### Supplied material
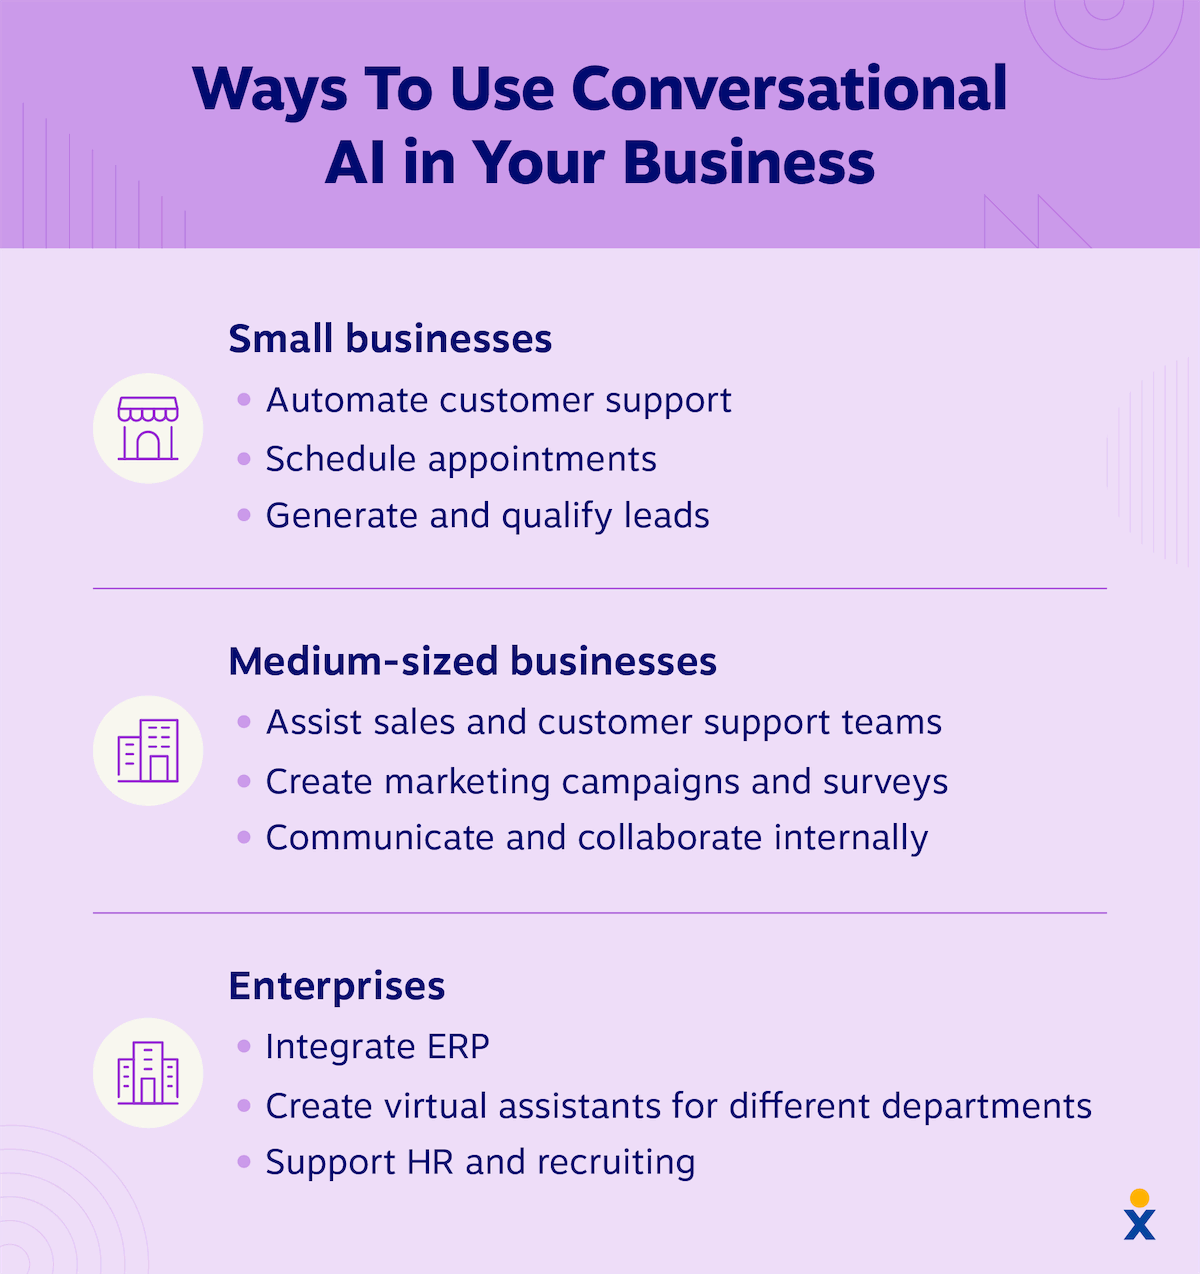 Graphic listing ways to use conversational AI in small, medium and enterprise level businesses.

---

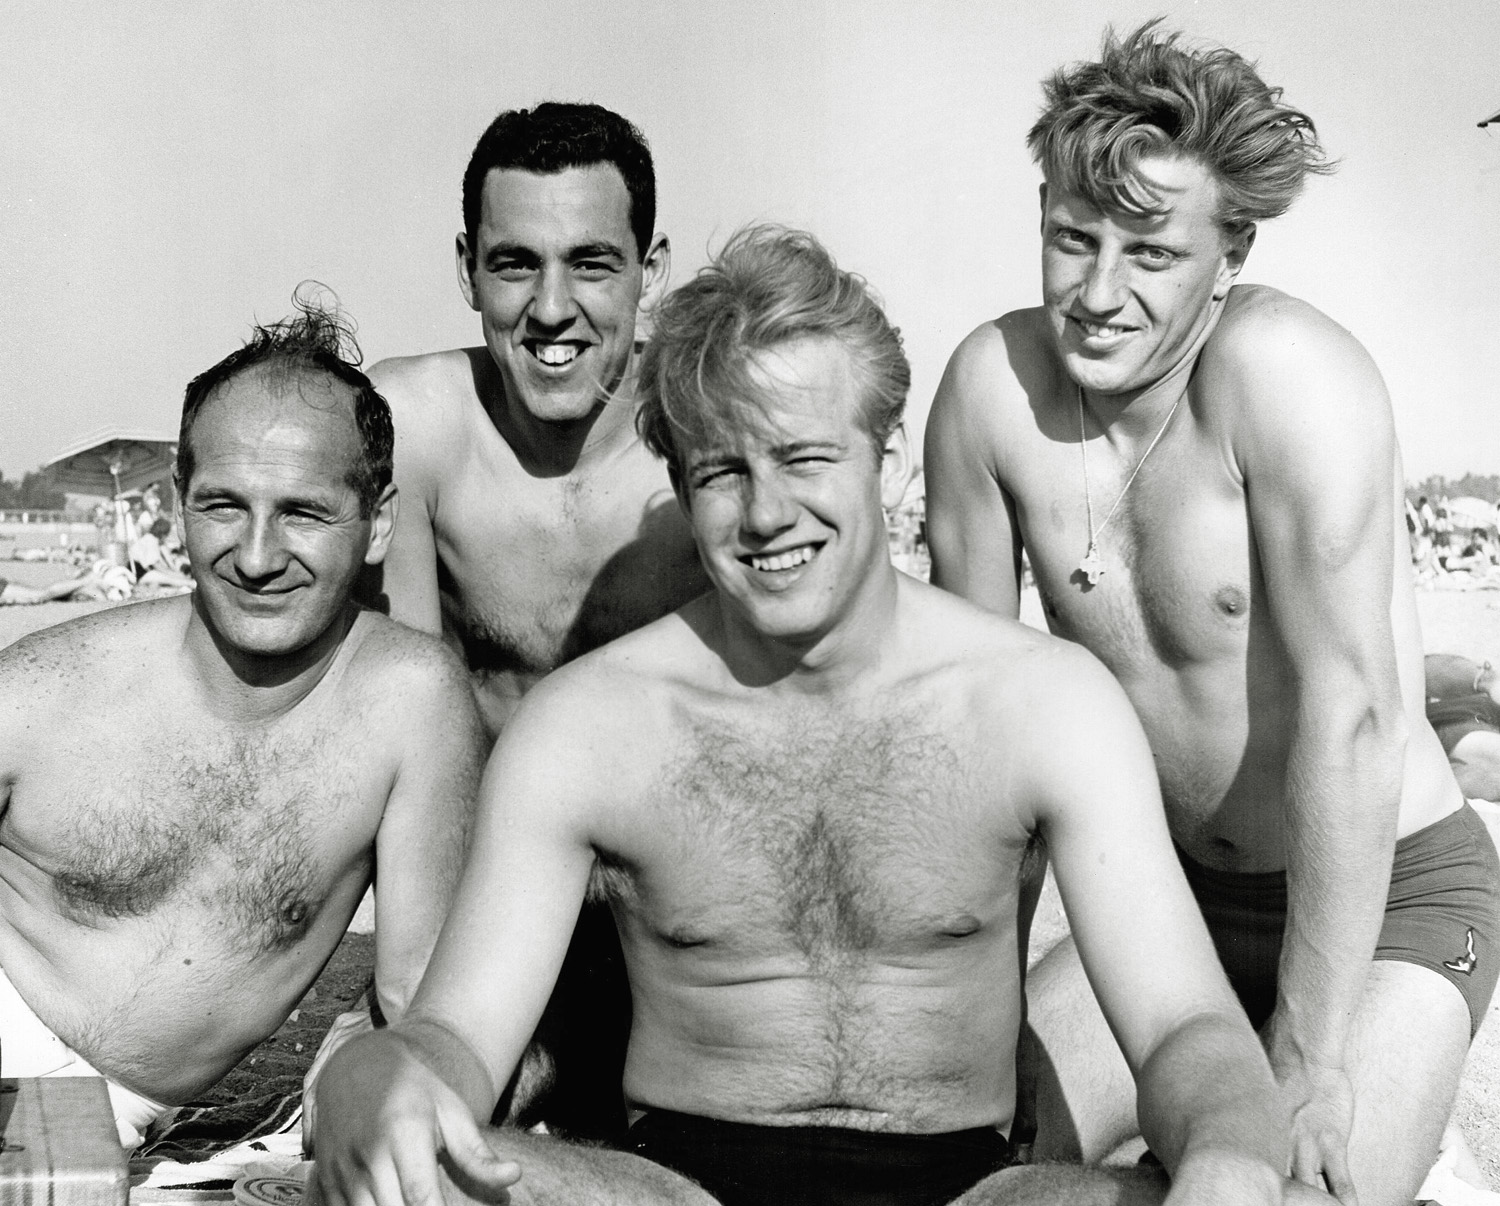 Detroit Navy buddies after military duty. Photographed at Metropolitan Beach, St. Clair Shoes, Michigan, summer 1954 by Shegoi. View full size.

--

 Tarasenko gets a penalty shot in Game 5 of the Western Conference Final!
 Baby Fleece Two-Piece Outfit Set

### What is needed
Where the listing above reaches the line that contains "Tarasenko gets a", start retyping, and finish with the line that contains "Baby Fleece Two-Piece Outfit Set"; reproduce those lines exactly and no others.

### Exercise response
 Tarasenko gets a penalty shot in Game 5 of the Western Conference Final!
 Baby Fleece Two-Piece Outfit Set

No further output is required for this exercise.